Quant au coût des terrains et des maisons, je ne vois pas de glissement significatif dans le sens de la diminution. Si les prix baissent, alors très peu.

 En général, maintenant tout le monde se regarde et attend ce qui va se passer. « Réduire le propriétaire » de 5 à 10%, comme le veulent les acheteurs, est un problème.

En général, l’immobilier de banlieue est une vente à long terme. Si un appartement en ville est vendu en moyenne dans un mois ou deux, il faut alors 3 à 8 mois pour vendre une maison de campagne. 

Par conséquent, il arrive qu’une personne se lasse de vendre et accepte finalement de réduire le prix. 

Il s’agit généralement d’objets coûteux et exclusifs. Les propriétaires de maisons pour 20 à 30 000 dollars n’acceptent pas d’en vider même un millier.

La baisse des prix sur le marché immobilier de banlieue ne sera pas aussi forte que dans le « logement secondaire »

Oksana Rusak, directeur de Tvoy Mayontak:


Oksana Rusak, directeur de Tvoy Mayontak:

– Si l’on prend les statistiques du début d’année, alors par rapport aux saisons précédentes, on constate une nette augmentation de l’activité dans le segment de l’immobilier de banlieue. 

Je l’avoue je ne me souviens pas qu’en janvier-février, ils nous ont déjà appelés avec des questions sur les datcha.

 Habituellement, les « résidents d’été » se réveillent plus tard, lorsque la neige fond et que le soleil se réchauffe. La même année, les acheteurs sont devenus actifs beaucoup plus tôt.

Peut-être que cela a également été influencé par la pandémie : les gens en ont eu assez de s’asseoir dans des appartements en ville et sont parvenus à la conclusion que la meilleure solution au problème était de quitter la ville. Dans cette situation, la maison est un investissement rentable.

 Après tout, on ne sait pas combien de temps nous devons encore vivre avec le coronavirus.

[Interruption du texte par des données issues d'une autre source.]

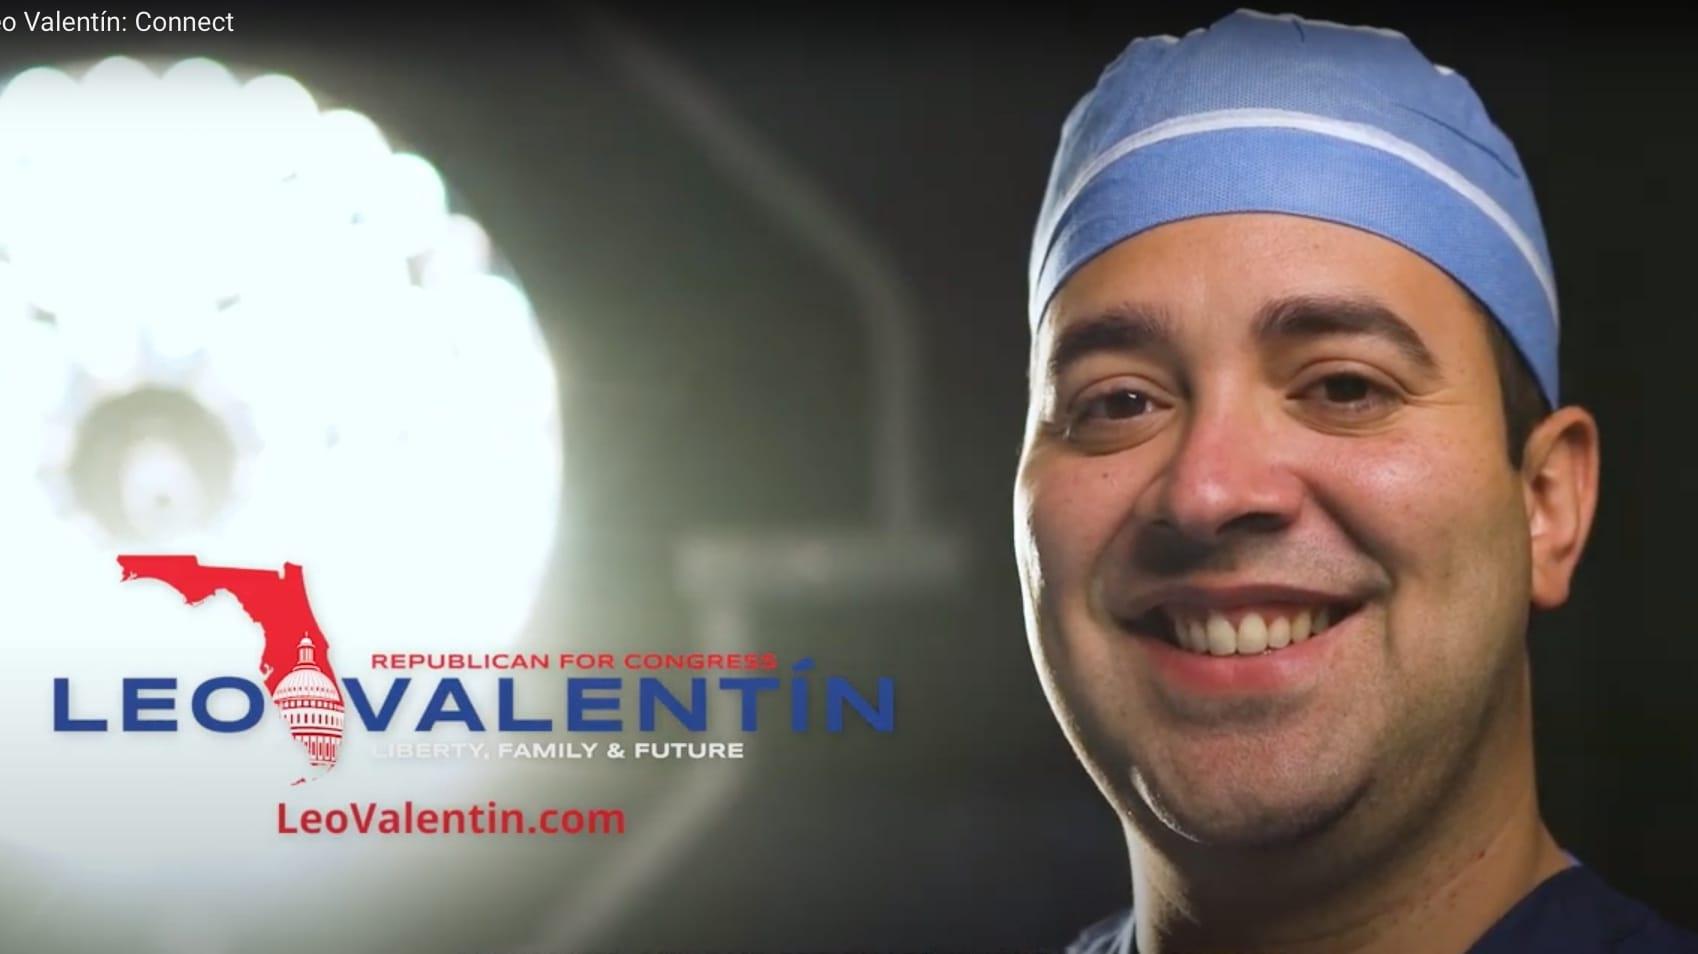 Leo-Valentin-ad-screen-shot.jpg

Pour le moment, les acheteurs sont les plus intéressés par les chalets d’été et les petites maisons d’une valeur allant jusqu’à 20-25 mille dollars. 

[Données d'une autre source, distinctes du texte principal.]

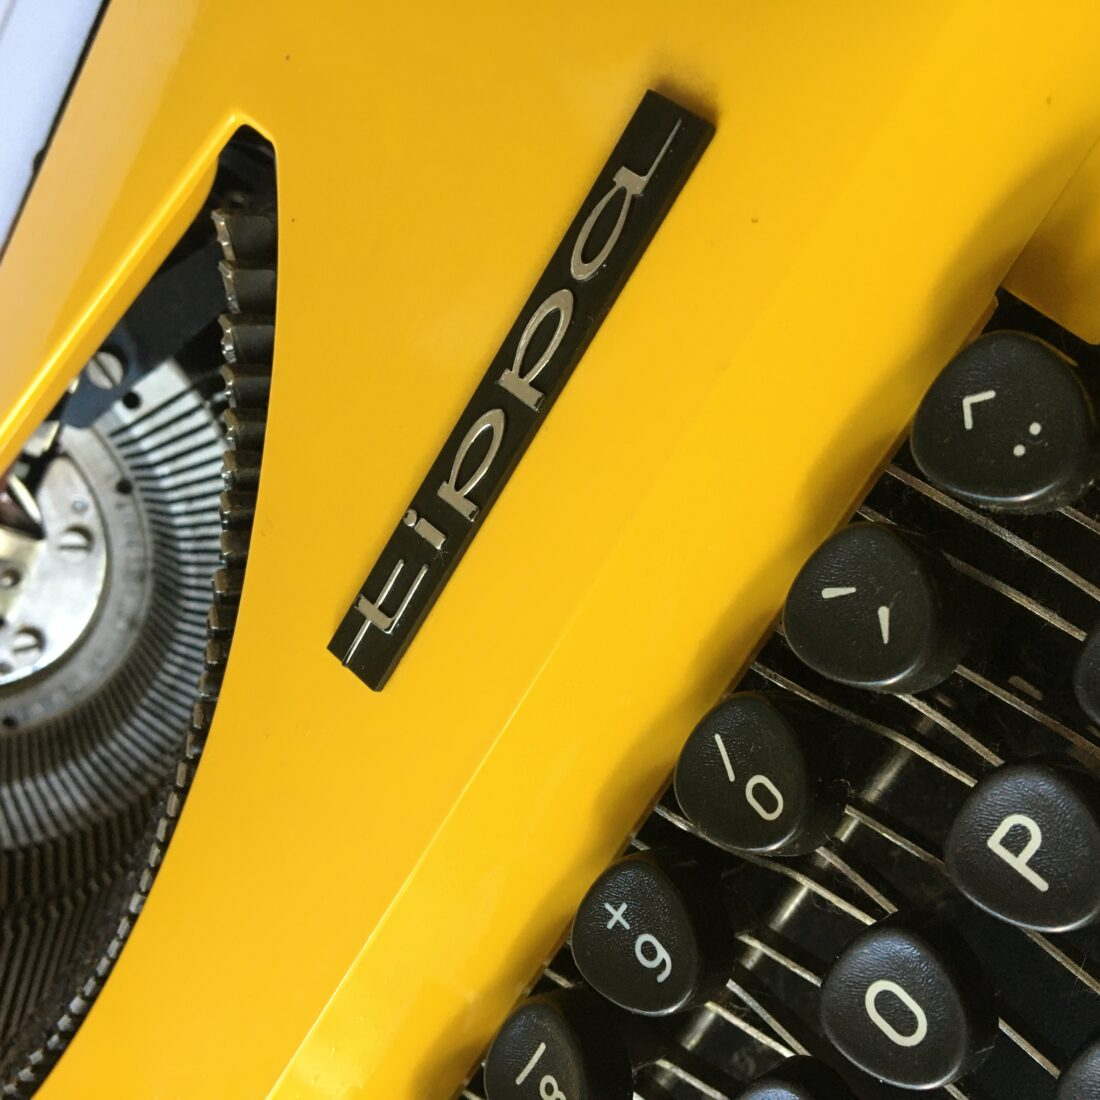 Vintage Triumph typemachine

C’est pour ces objets que le plus d’appels et de vues sont reçus. En conséquence, ces maisons sont les plus rapides à « quitter ».

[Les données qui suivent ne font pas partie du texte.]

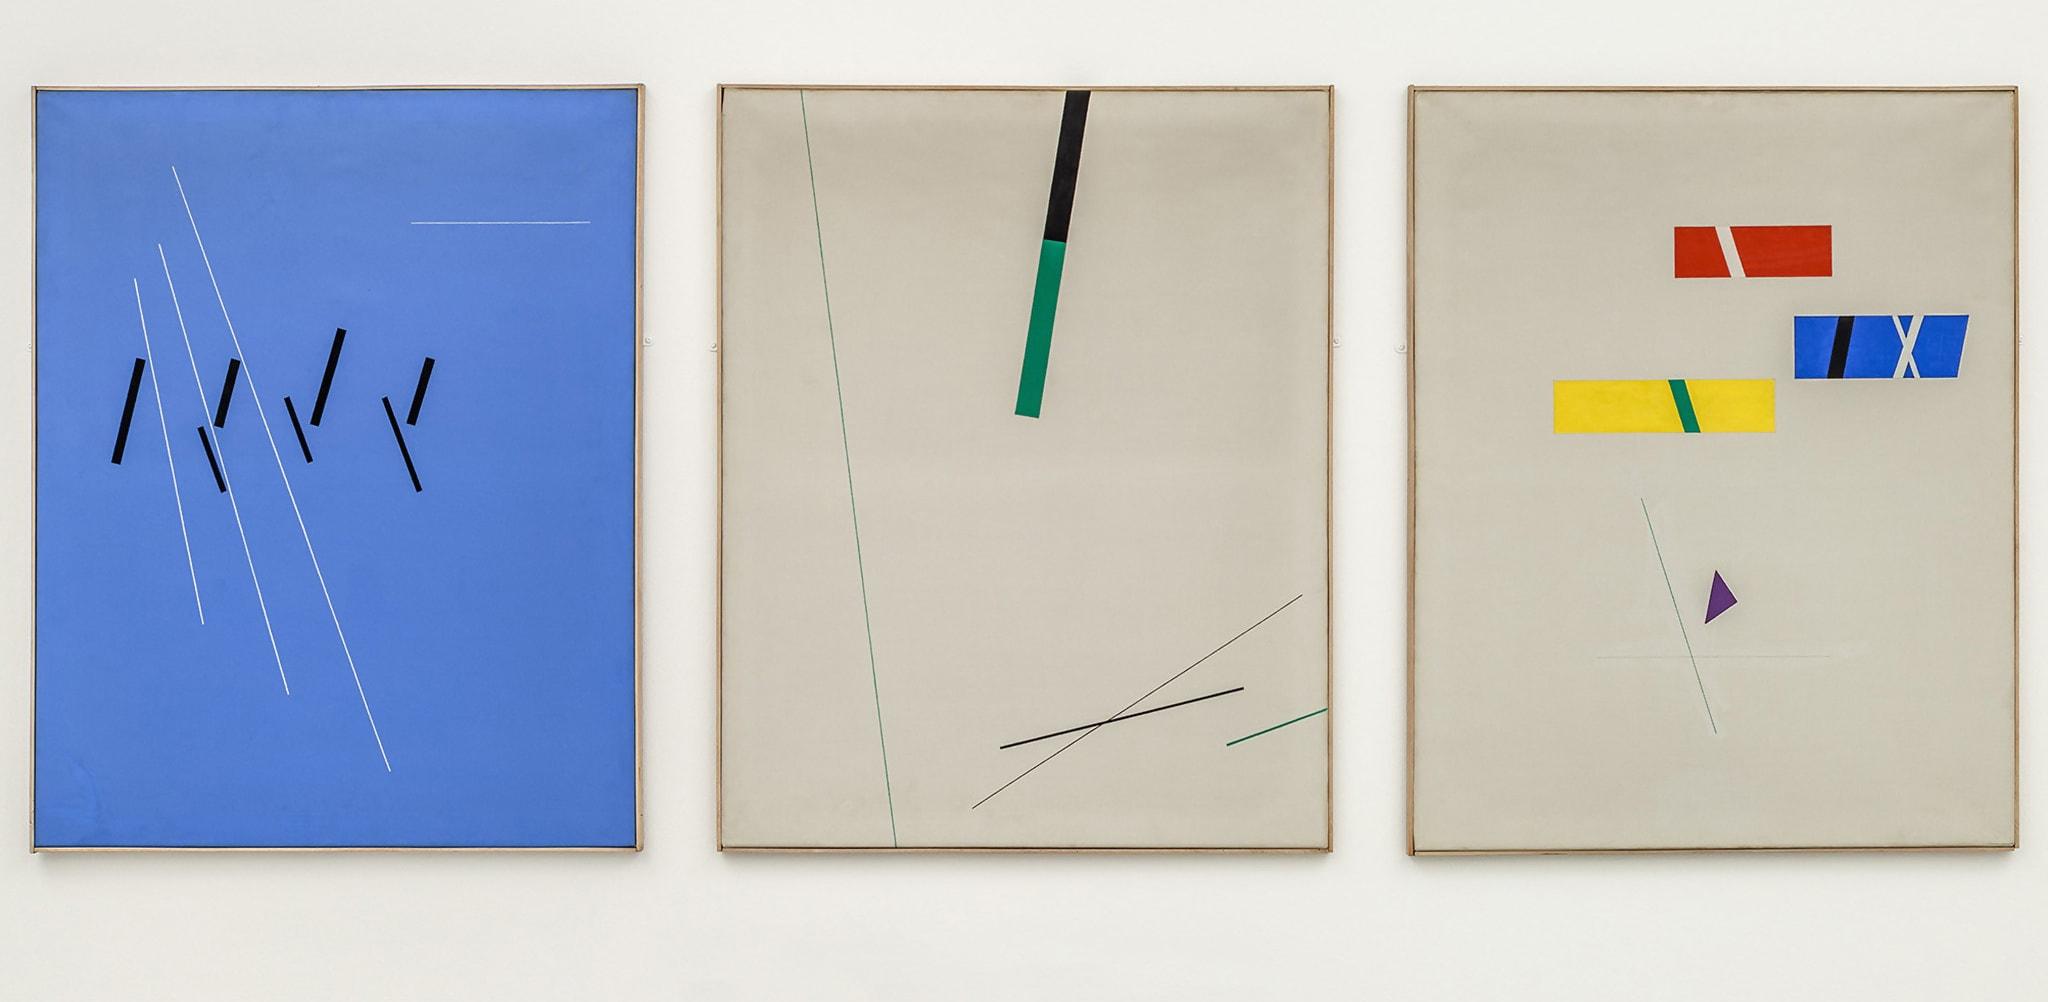 Composition No. 167 (a triptych) by Friedrich Vordemberge-Gildewart

Nous voyons également l’intérêt pour les objets dans des endroits intéressants du point de vue de la nature environnante. Le réservoir de Vileika, la mer de Minsk, les parcelles et les maisons près des rivières et des lacs sont toujours populaires – c’est-à-dire des coins magnifiques et écologiquement propres.

En passant, malgré tout, la demande de maisons chères a également augmenté – celles qui sont complètement prêtes à vivre. Nous parlons d’objets avec rénovation à un coût de 250 mille dollars et plus. 

Il est fort possible que cela soit dû au fait que certains acheteurs, pour une raison quelconque, ont décidé de quitter complètement la ville. Nous pouvons clairement voir cette tendance.

Quant au coût, je dirai que les acheteurs ont commencé à se concentrer sur la négociation, à partir de 10% du prix initial. Plus l’objet vaut, plus ils veulent négocier.

 Bien sûr, les vendeurs réagissent très péniblement à cela, et l’accord ne se produit que lorsque les parties parviennent à s’entendre. 

Nous essayons d’expliquer aux vendeurs qu’ils doivent s’adapter à la situation. Ce n’est un secret pour personne qu’à cause de ce qui se passe, certains acheteurs ont reporté l’achat de biens immobiliers à des temps meilleurs, et un certain groupe d’acheteurs a complètement quitté le pays. 

Compte tenu de tout cela, toutes les parties (vendeurs et acheteurs) doivent rechercher un terrain d’entente afin que chacun des participants au processus reste dans le noir.

Néanmoins, malgré une période très “particulière” de notre vie : en termes de croissance de la valeur de la monnaie, de manque de prêts, de crise politique, de pandémie et tout le reste, il n’y a pas encore eu de forte baisse des prix sur le real de banlieue marché immobilier.

 Je pense que ce marché s’adaptera progressivement à la situation. Il réagira en tout cas, juste la baisse des prix sur la “clôture” ne sera pas aussi forte que sur le “primaire” ou “secondaire” dans la ville.